Замолчал Скуратов и, полный ожидания, решился устремить на царя кровавые глаза свои.

Замолчал и царь. Руки его опустились. Понял он наконец Малюту.

В это мгновение раздались на дворе радостные крики.

Еще в самое то время, как начался разговор между царем и Скуратовым, царевич с своими окольными въехал на двор, где ожидали его торговые люди черных сотен и слобод, пришедшие от Москвы с хлебом-солью и с челобитьем.

Увидев царевича, они все стали на колени.

— Чего вы просите, аршинники? — спросил небрежно царевич.

— Батюшка! — отвечали старшины, — пришли мы плакаться твоей милости! Будь нам заступником! Умилосердись над нашими головами! Разоряют нас совсем опричники, заедают и с женами, и с детьми!

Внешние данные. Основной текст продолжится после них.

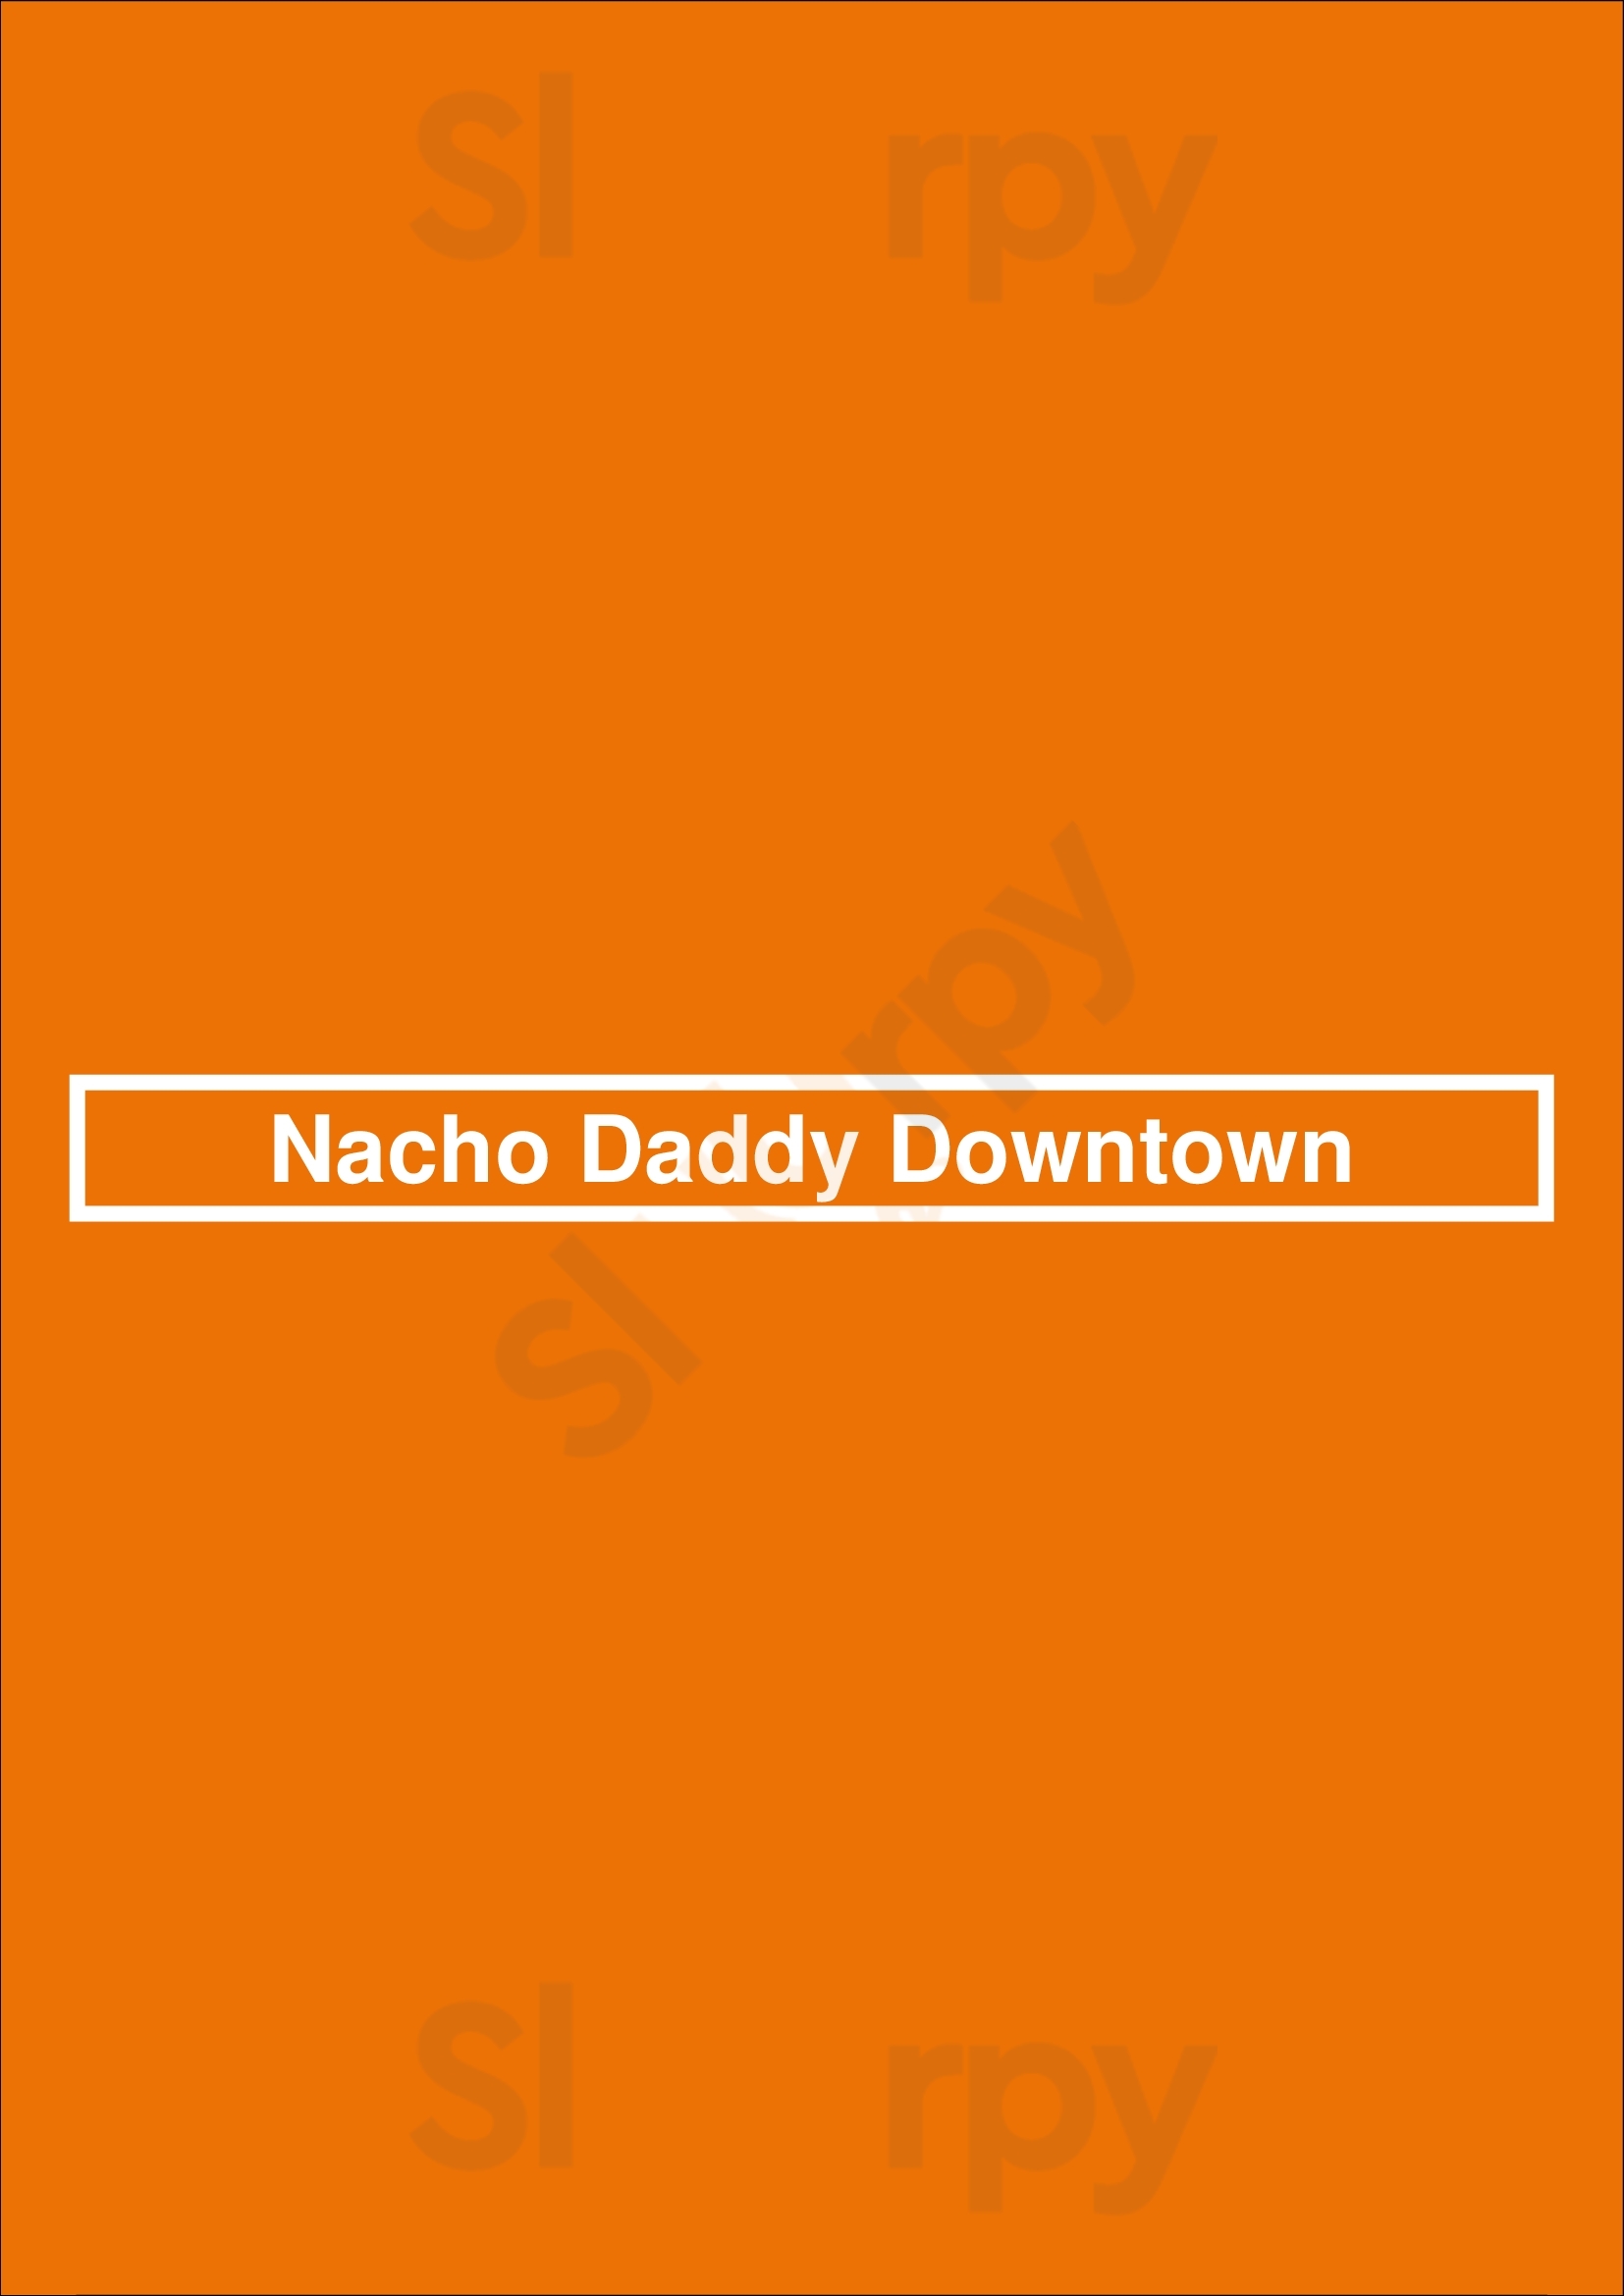 Nacho Daddy Downtown Las Vegas Menu - 1

— Вишь, дурачье! — сказал царевич, обращаясь с усмешкой к Басманову. — Они б хотели и жен, и товар про себя одних держать! Да чего вы расхныкались? Ступайте себе домой; я, пожалуй, попрошу батюшку за вас, дураков!

— Отец ты наш, дай бог тебе многие лета! — закричали торговые люди.

Царевич сидел на коне. Возле него был Басманов. Просители стояли перед ними на коленях. Старший держал золотое блюдо с хлебом-солью.

Малюта все видел из окна.

— Государь, — шепнул он царю, — должно быть, его подбил кто-нибудь из тех, что теперь с ним. Посмотри, вот уже народ ему на царстве здоровает!

И как чародей пугается недоброй силы, которую сам он вызвал, так Малюта испугался выражения, которое слова его вызвали на чертах Иоанна.

С лица царя исчезло все человеческое. Таким страшным никогда не видывал его Малюта.

Прошло несколько мгновений. Вдруг Иоанн улыбнулся.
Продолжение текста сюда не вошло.